A Hierarchical Feature Constraint to Camouflage Medical Adversarial Attacks
This research is significant for medical AI security, as it reveals a fundamental vulnerability in medical image representations and exploits it to create more stealthy adversarial attacks, posing a greater risk to clinical decision-making systems.
This paper investigates why adversarial examples (AEs) in medical imaging are easily detectable in hierarchical feature space, attributing it to the continuous optimization of vulnerable representations in a fixed direction. They then propose a Hierarchical Feature Constraint (HFC) that, when added to existing attacks, helps hide adversarial representations within normal feature distributions, enabling attacks to bypass state-of-the-art detectors more effectively on Fundoscopy and Chest X-Ray datasets.

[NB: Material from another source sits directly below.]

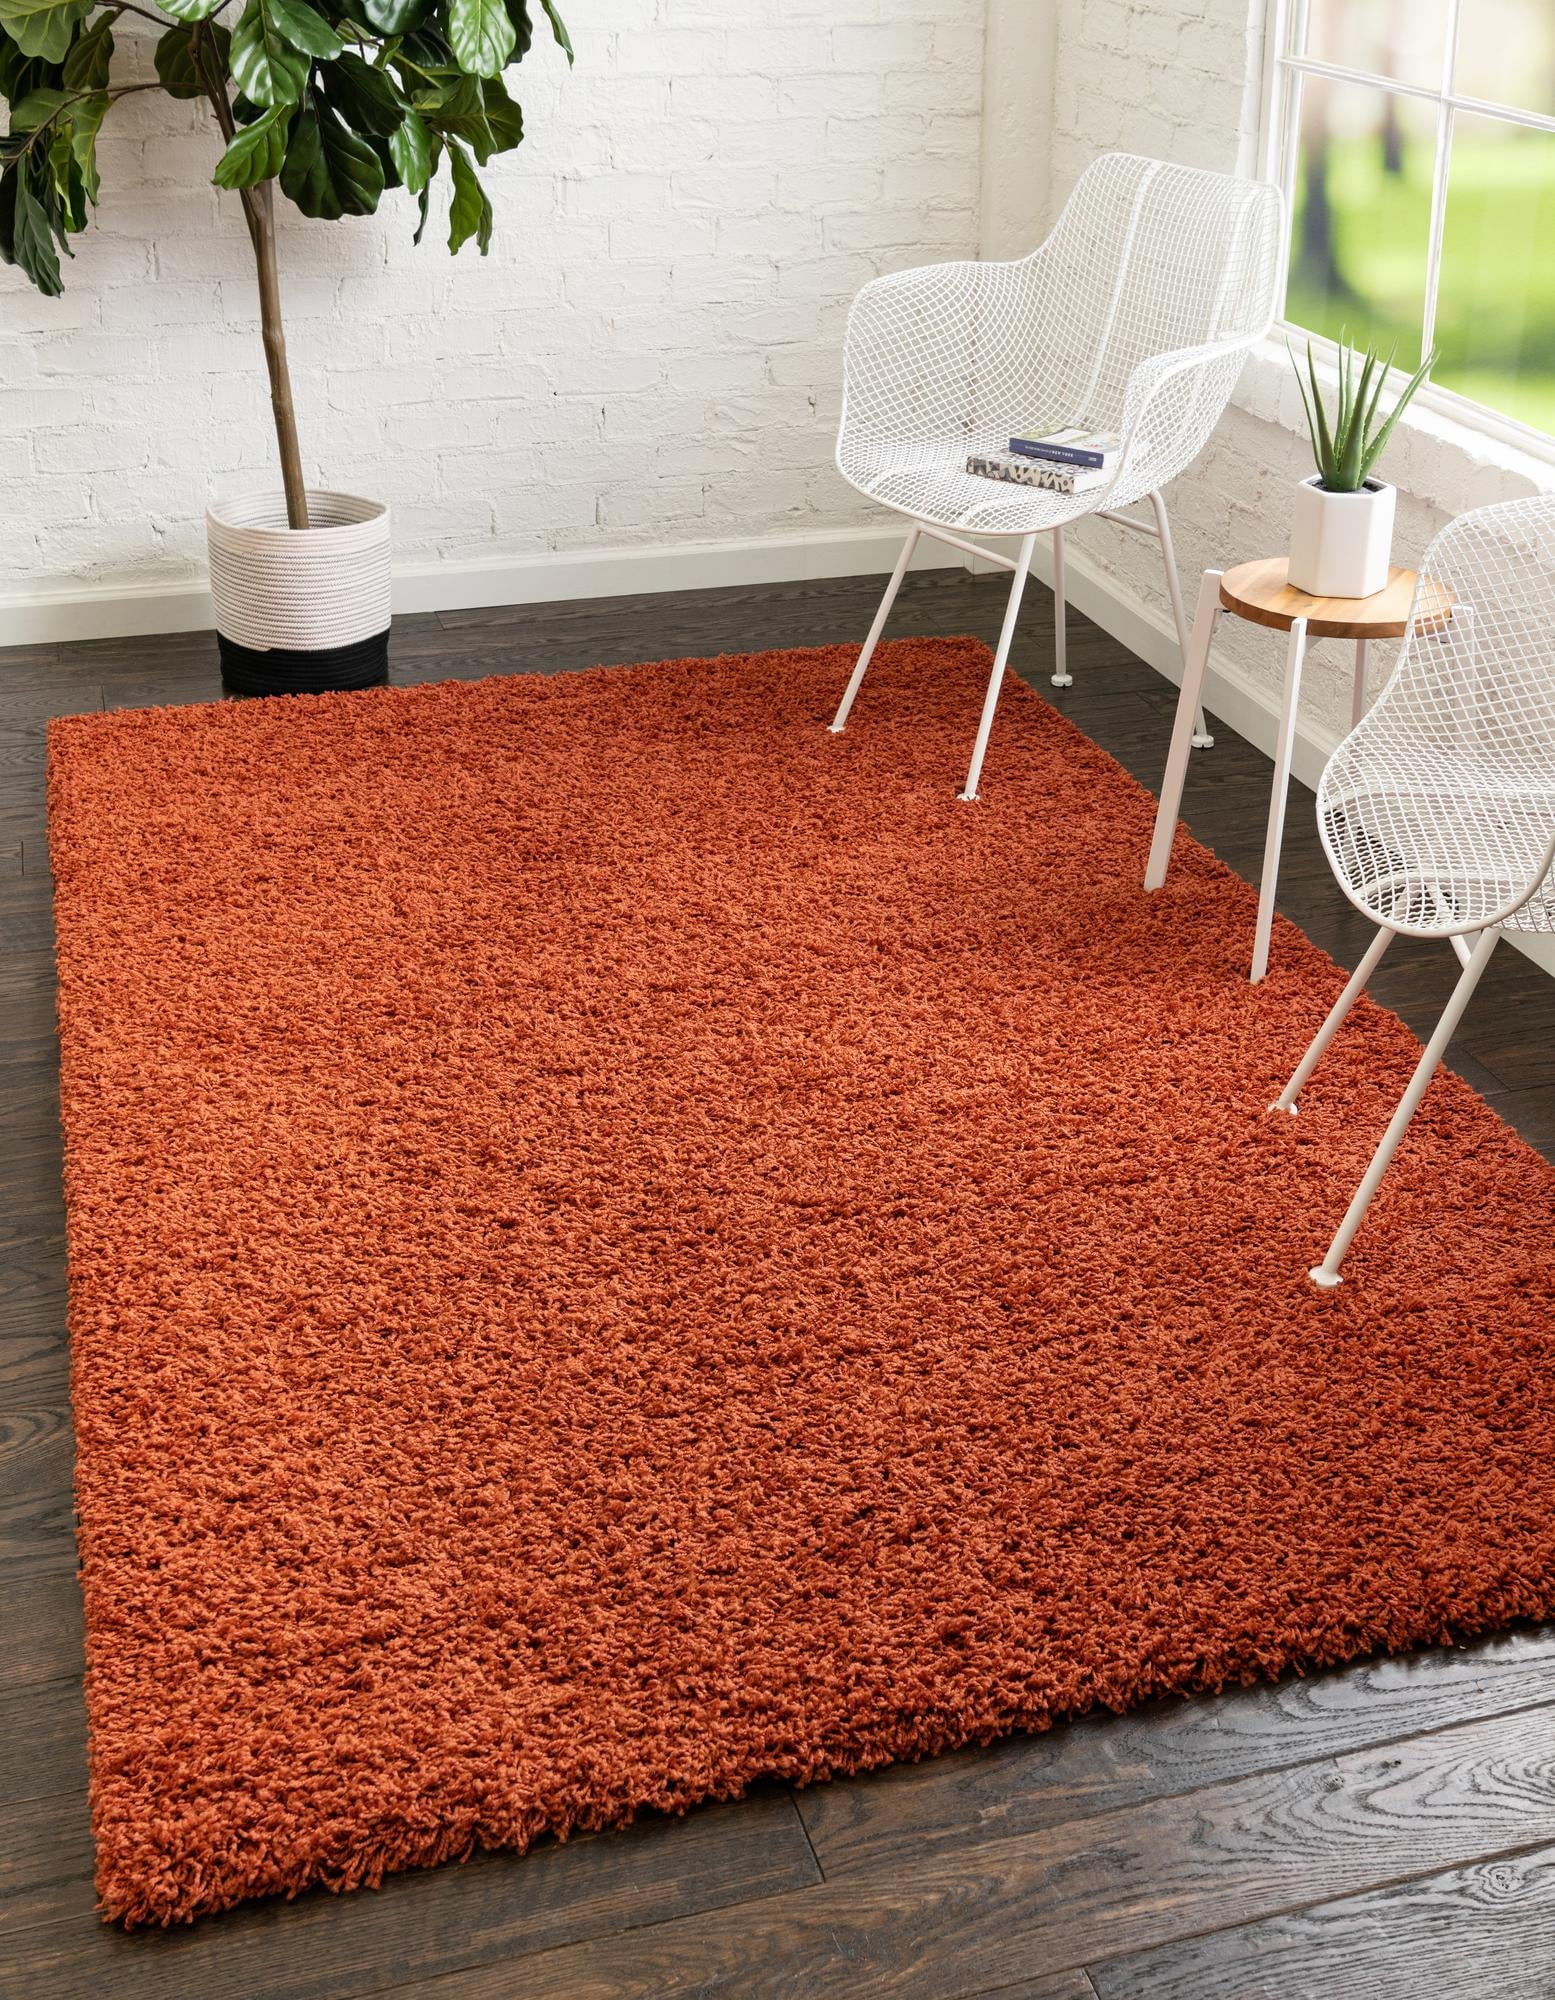 Solid Shag Collection Rug – 3' x 5' Terracotta Shag Rug Perfect  For Entryways, Kitchens, Breakfast Nooks, Accent Pieces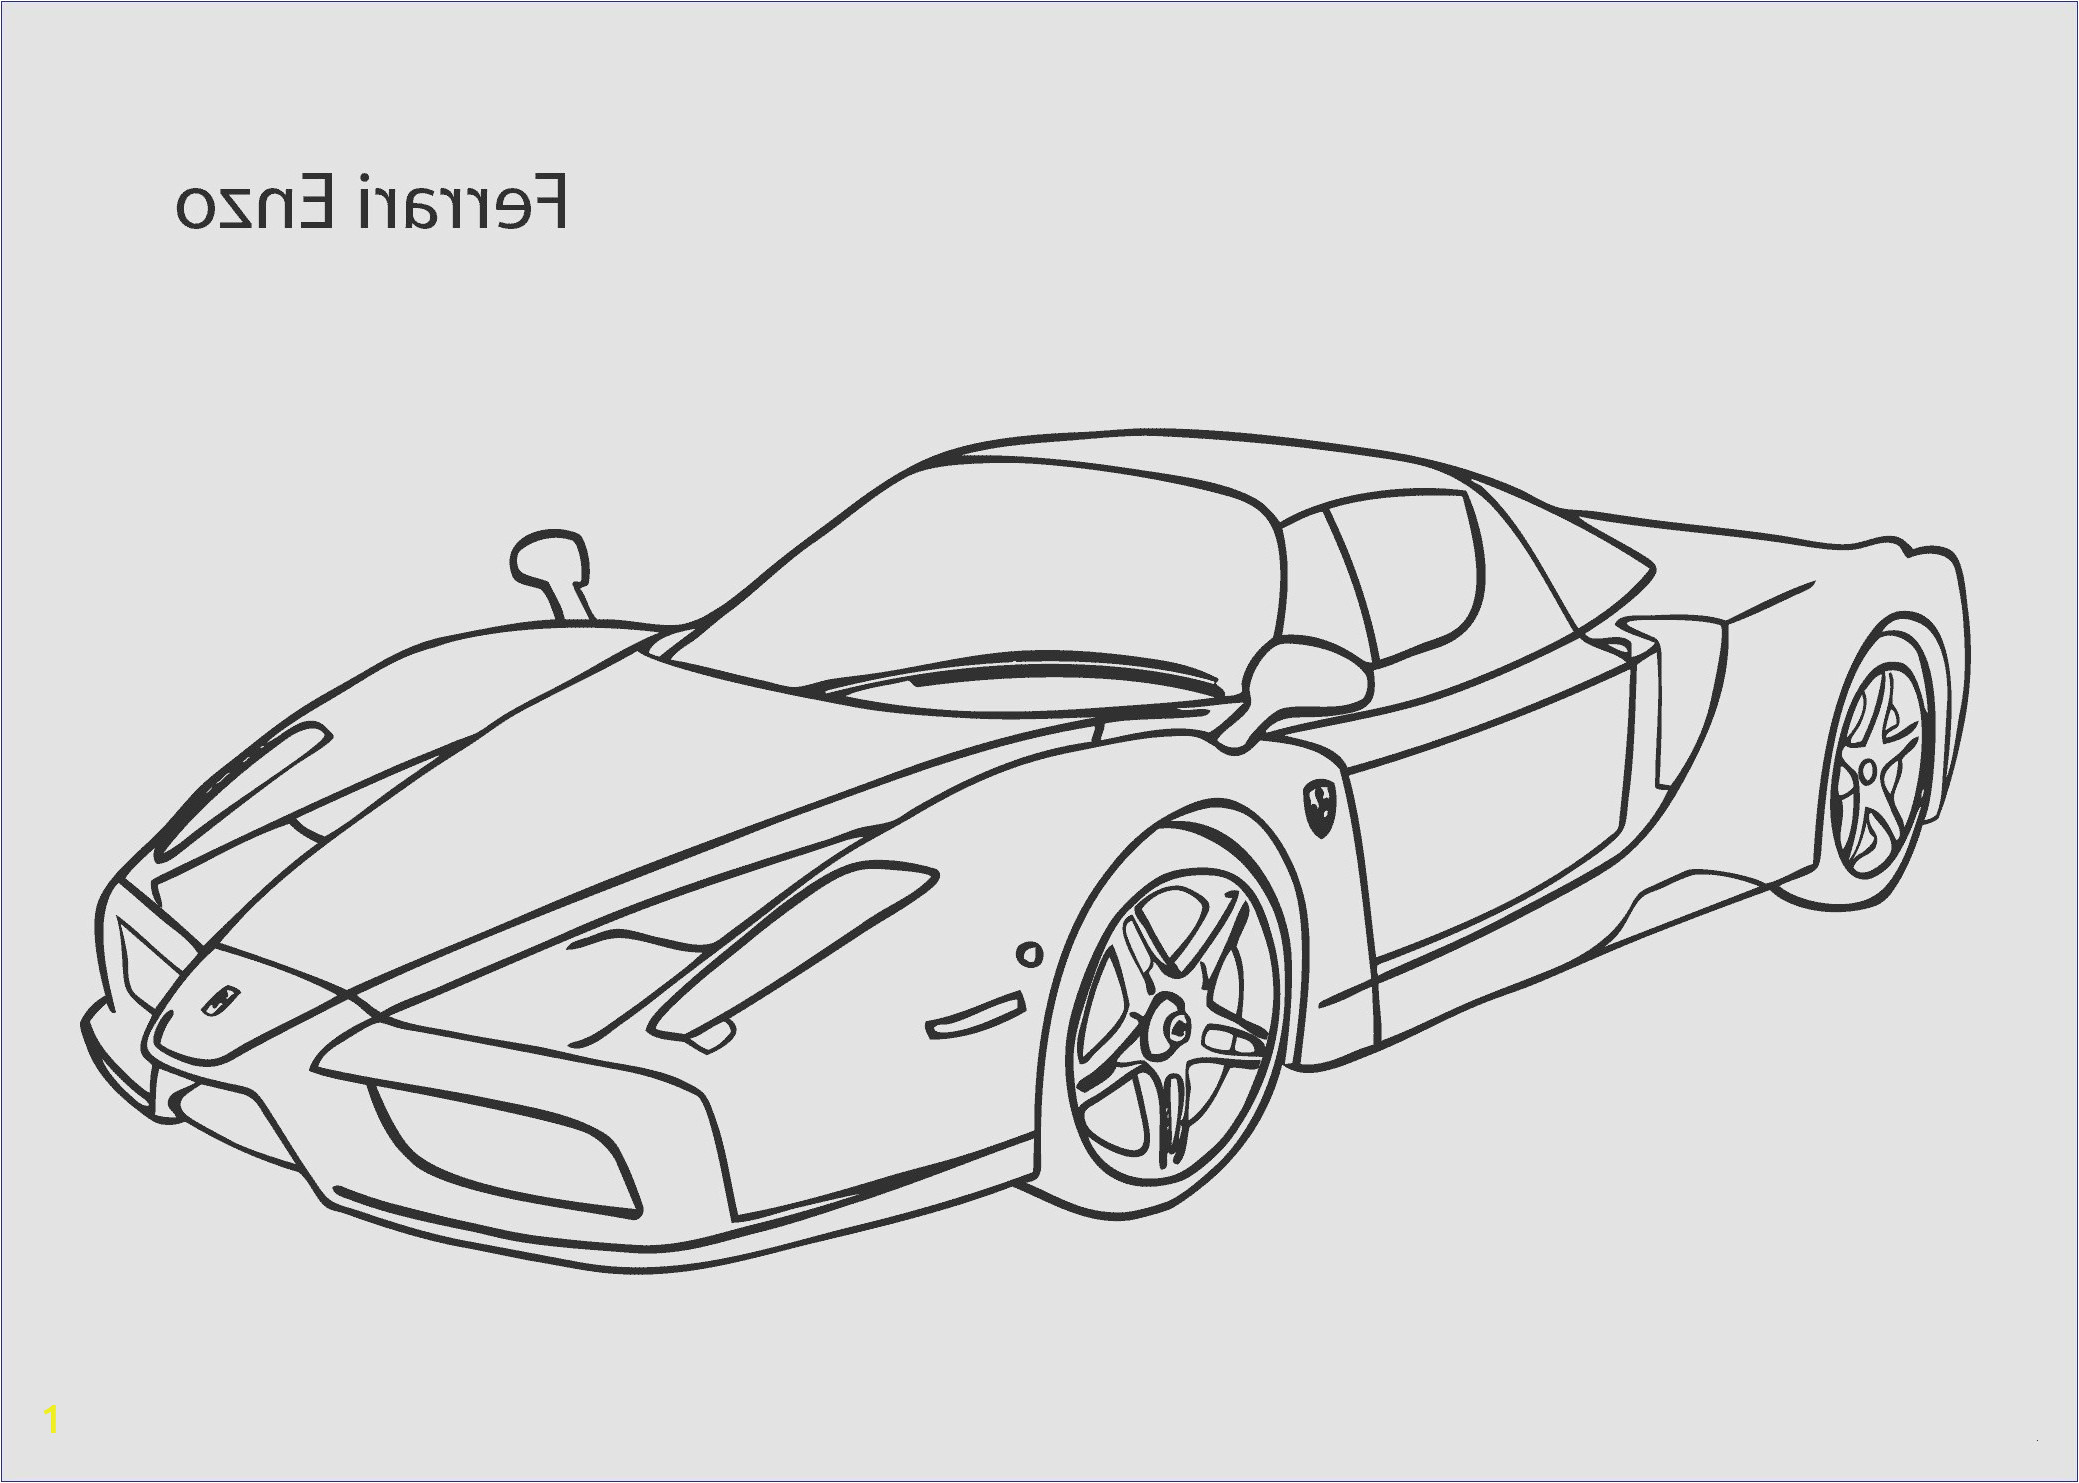 car coloring page to print beautiful stock lovely walt disney cars coloring pages dazhou of car coloring page to print

Deep neural networks (DNNs) for medical images are extremely vulnerable to adversarial examples (AEs), which poses security concerns on clinical decision making. Luckily, medical AEs are also easy to detect in hierarchical feature space per our study herein. To better understand this phenomenon, we thoroughly investigate the intrinsic characteristic of medical AEs in feature space, providing both empirical evidence and theoretical explanations for the question: why are medical adversarial attacks easy to detect? We first perform a stress test to reveal the vulnerability of deep representations of medical images, in contrast to natural images. We then theoretically prove that typical adversarial attacks to binary disease diagnosis network manipulate the prediction by continuously optimizing the vulnerable representations in a fixed direction, resulting in outlier features that make medical AEs easy to detect. However, this vulnerability can also be exploited to hide the AEs in the feature space. We propose a novel hierarchical feature constraint (HFC) as an add-on to existing adversarial attacks, which encourages the hiding of the adversarial representation within the normal feature distribution. We evaluate the proposed method on two public medical image datasets, namely {Fundoscopy} and {Chest X-Ray}. Experimental results demonstrate the superiority of our adversarial attack method as it bypasses an array of state-of-the-art adversarial detectors more easily than competing attack methods, supporting that the great vulnerability of medical features allows an attacker more room to manipulate the adversarial representations.